29. With regard to the point of limitation raised by Mr. Mullick in my view there is no question of limitation because in this suit the consent decree has been challenged as nullity and void. There is also the question of fraud. In the plaint it has been pleaded that the petitioners came to know the consent decree on August 12, 1969. This is a question of fact to be tried in the suit
30. The otter point raised by Mr. Mullick as to delay in making this application will not affect the exercise or my discretion to grant an injunction in the instant case because from the facts placed before me, it appears that the probate. Court was not competent to pass the con-sent decree. If all these points which are now raised before me were placed before the executing Court, there may not have been any order for sale at all. It has been held by the Supreme Court that even at the execution stage or at any stage the Court can take into consideration the point that the Court which passed the decree which is sought to be executed was not competent to pass it. (See : 1SCR117 , Kiron Singh v. Chaman Paswan). Therefore the question of delay in this case is not of much importance.
31. In the premises, I think that there is sufficient prima facie case to go to trial and all the matters raised by the petitioners would be finally decided in the suit
32. During the pendency of the suit I cannot allow the residential house of the petitioners to be sold in execution of the consent decree passed by the probate Court. The daughter of Sm. Monorama Chandra has already been married. The property if sold would cause irreparable loss and injury to the petitioners because it is their residential house and if it is sold they would be turned out from their residential house.
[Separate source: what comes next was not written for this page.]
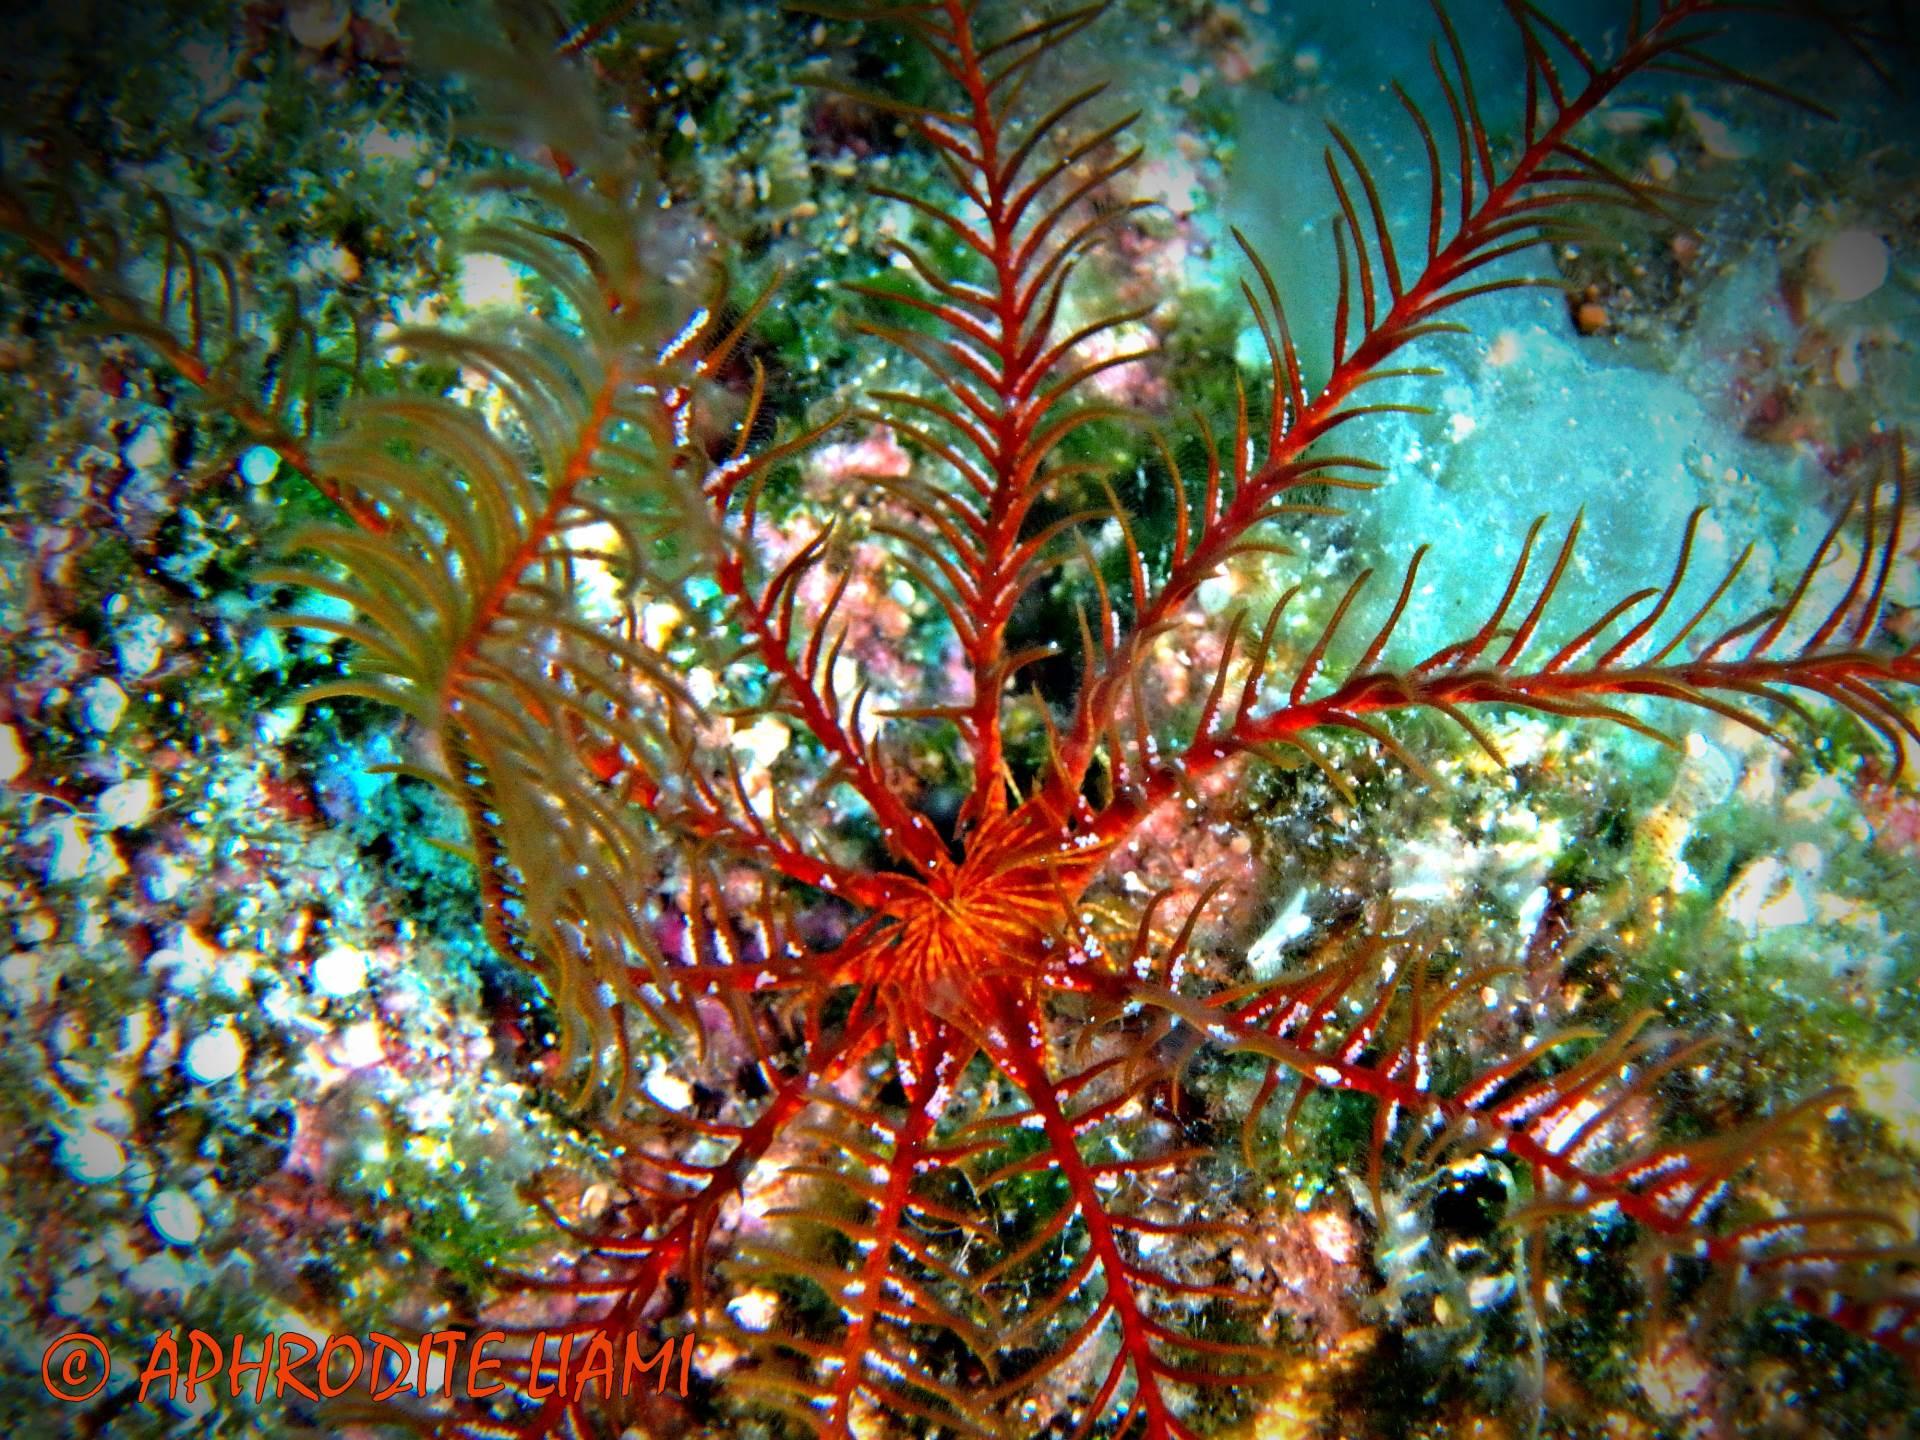 #scubadiving #scuba #diving #marinelife #sealife #sea #aegeansea #star #seastar #featherseastar #starfish #giantdoris #crab #fish #worm #flabellina #animal #kos #kosisland #greece #hellas #underwater #underwaterphotography #holiday #ecology #enviroment #liamisdivecentre

33. In view of the above matter there should be an order for injunction restraining the respondent Sm. Monorama Chandra from selling the said premises No. 21, Dr. Jagabanohu Lane, Calcutta in execution of the decree dated September 7, 1948 pending the disposal of the suit.
34. Accordingly there will be ad order in terms of prayers (a) (c) and (d) of the petition.
Sm. Monorama Chandra shall pay the costs of this application to the petitioners. The other parties except respondent No. 2D. Roy Solicitor shall pay and bear their own costs. The cost of respondent No. 2D. Roy will abide by the result of the suit.